-- Problem requirements --
Would you print the lines below exactly, beginning at the line that has "Create a Fun Logo to Sell Mini Donuts!" and stopping after the line that has "構造寝てるIncense & Burner"? Only those lines, and no pictures.

-- Records shown --

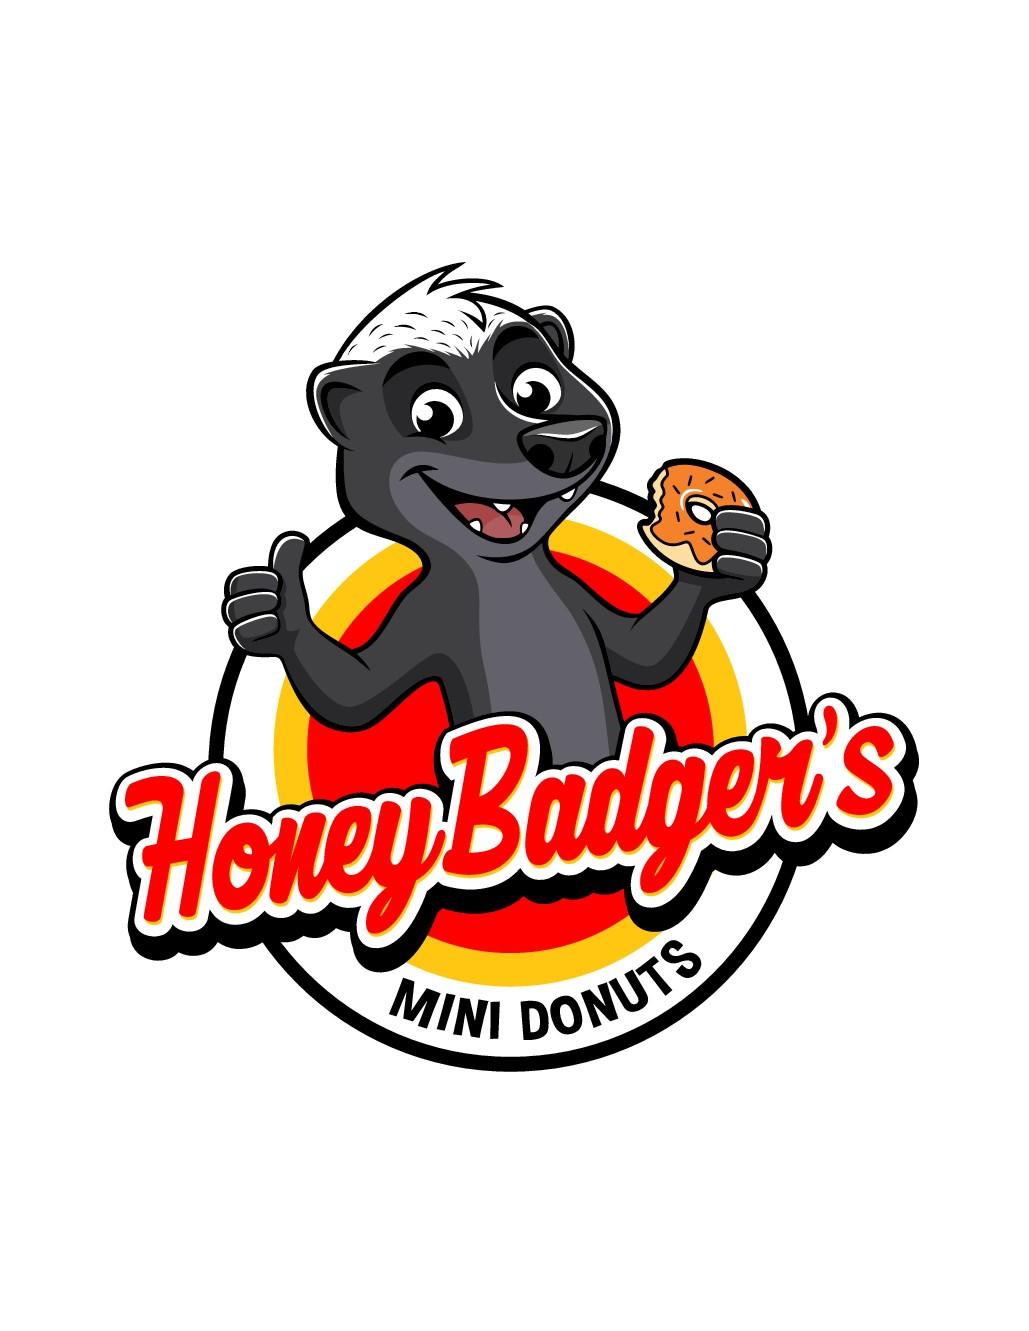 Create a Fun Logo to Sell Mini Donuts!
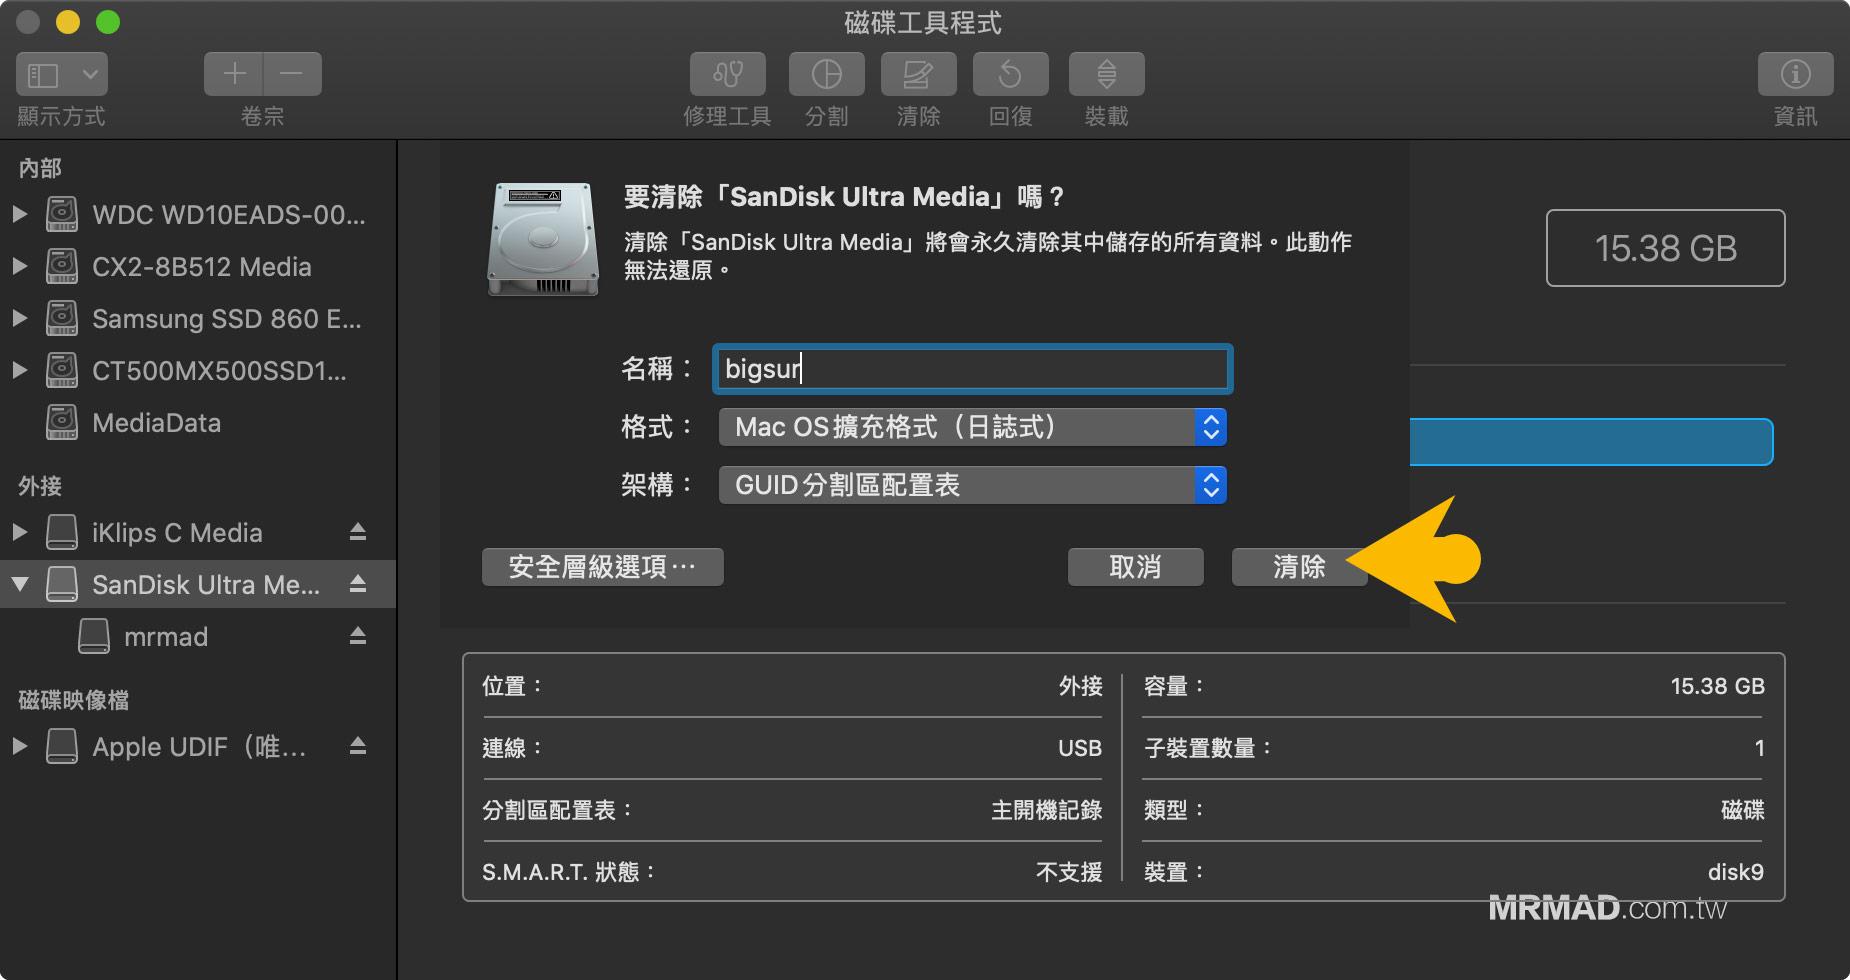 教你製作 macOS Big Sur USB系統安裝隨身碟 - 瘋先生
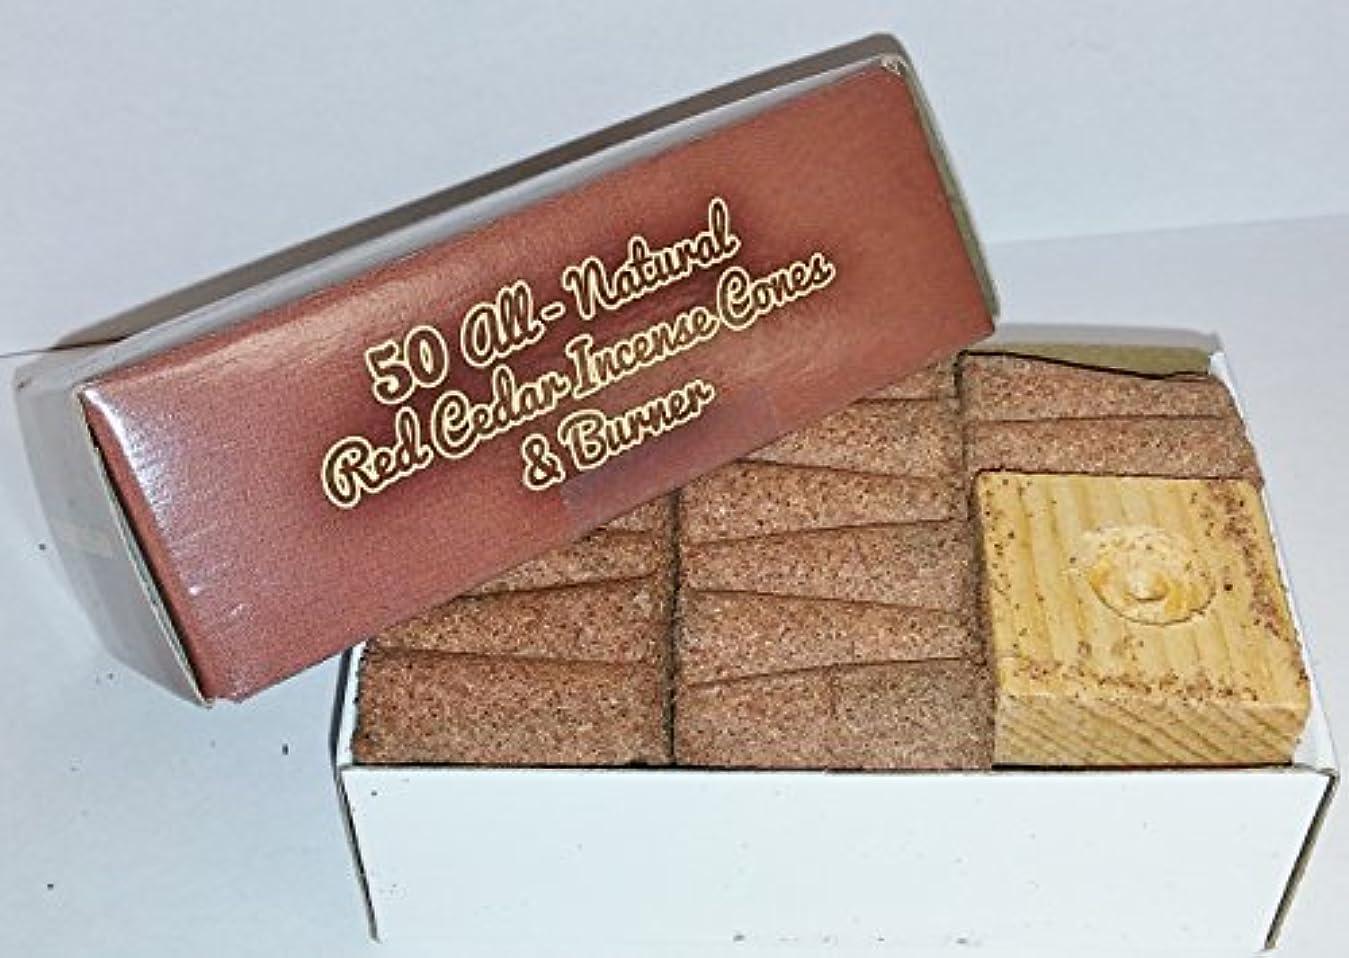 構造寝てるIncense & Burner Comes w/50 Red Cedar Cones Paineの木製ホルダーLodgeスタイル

---

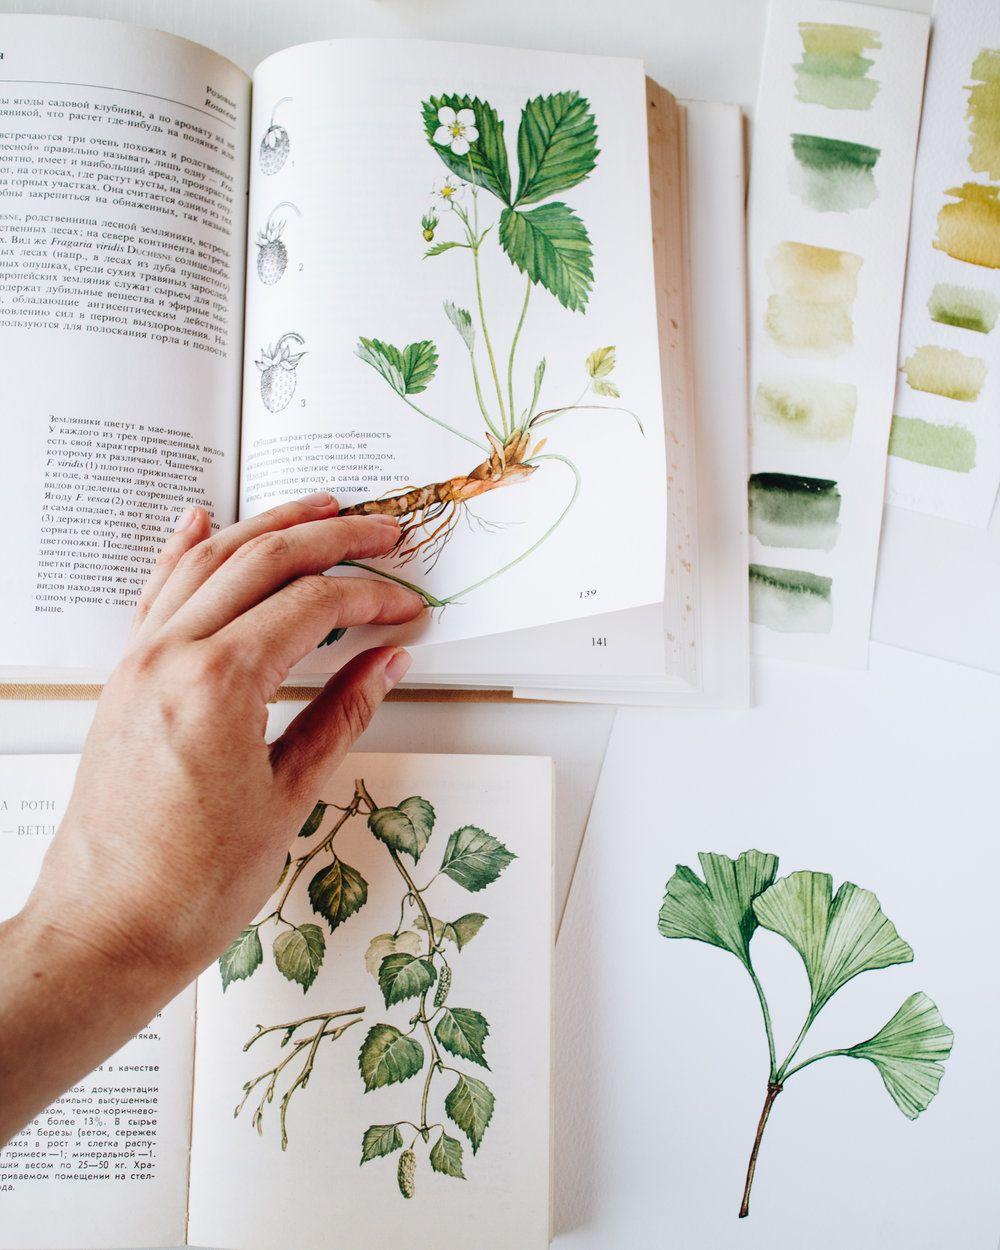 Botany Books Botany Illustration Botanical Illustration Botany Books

...

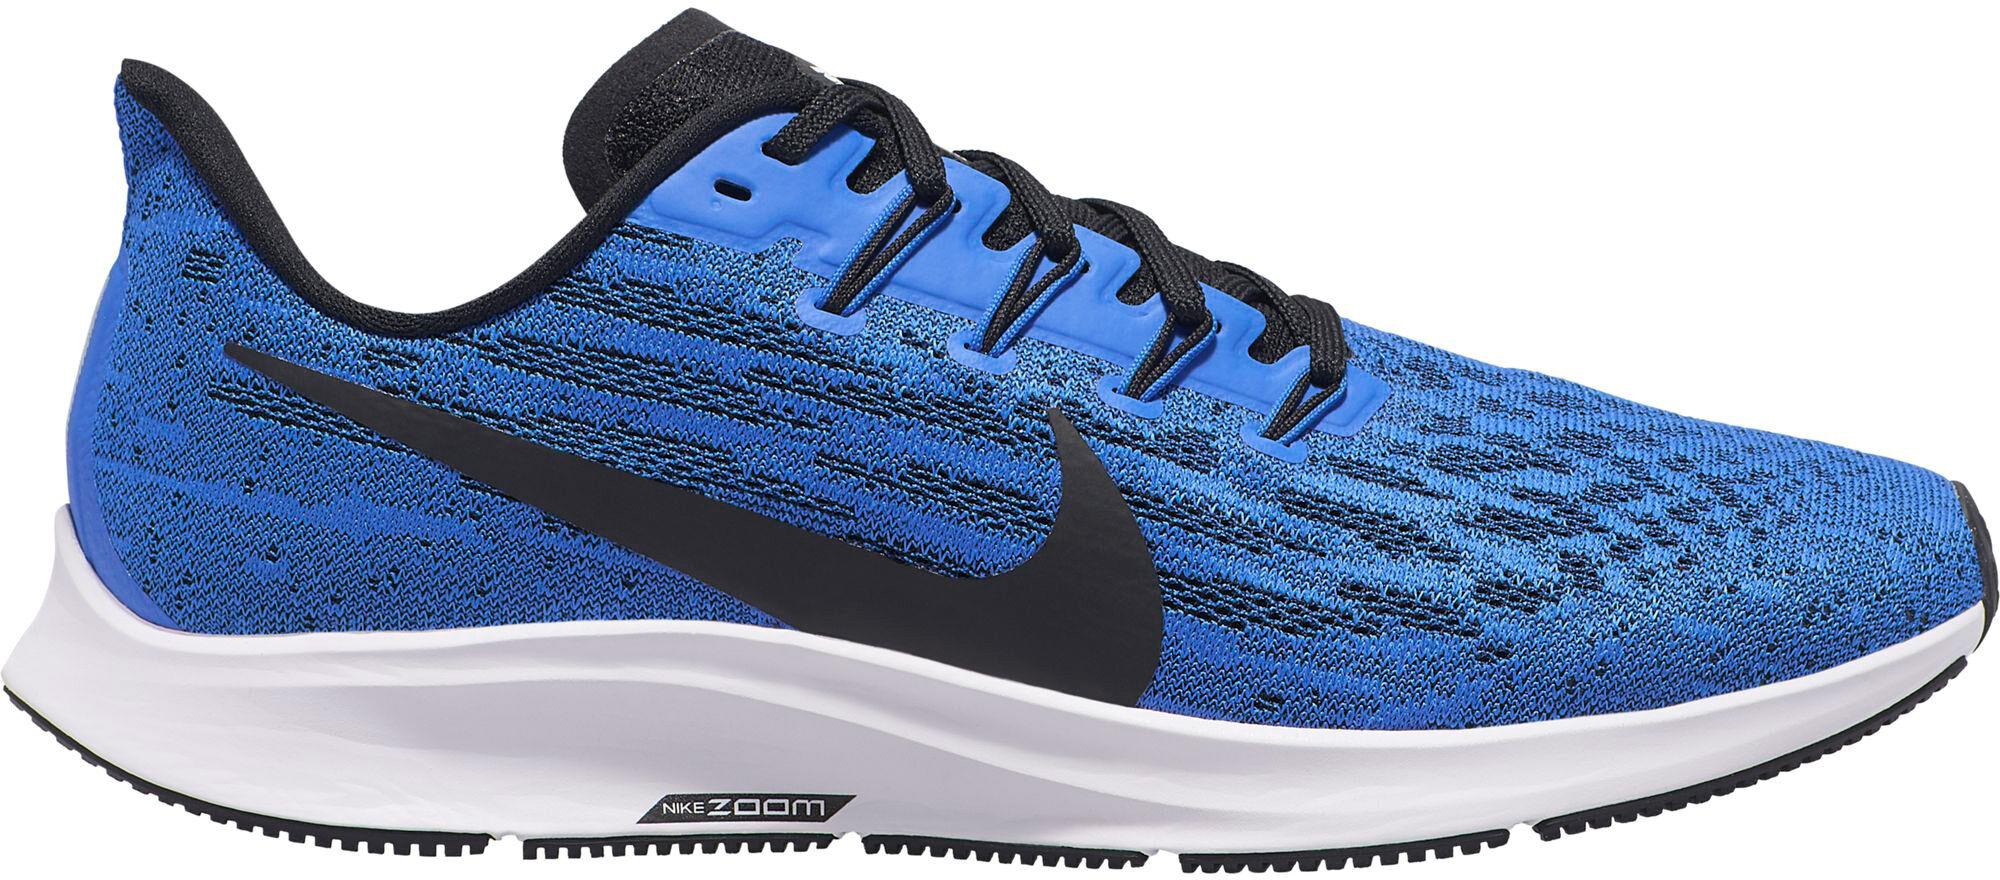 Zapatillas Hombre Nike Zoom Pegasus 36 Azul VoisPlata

-- Solution --
 Create a Fun Logo to Sell Mini Donuts!
 教你製作 macOS Big Sur USB系統安裝隨身碟 - 瘋先生
 構造寝てるIncense & Burner Comes w/50 Red Cedar Cones Paineの木製ホルダーLodgeスタイル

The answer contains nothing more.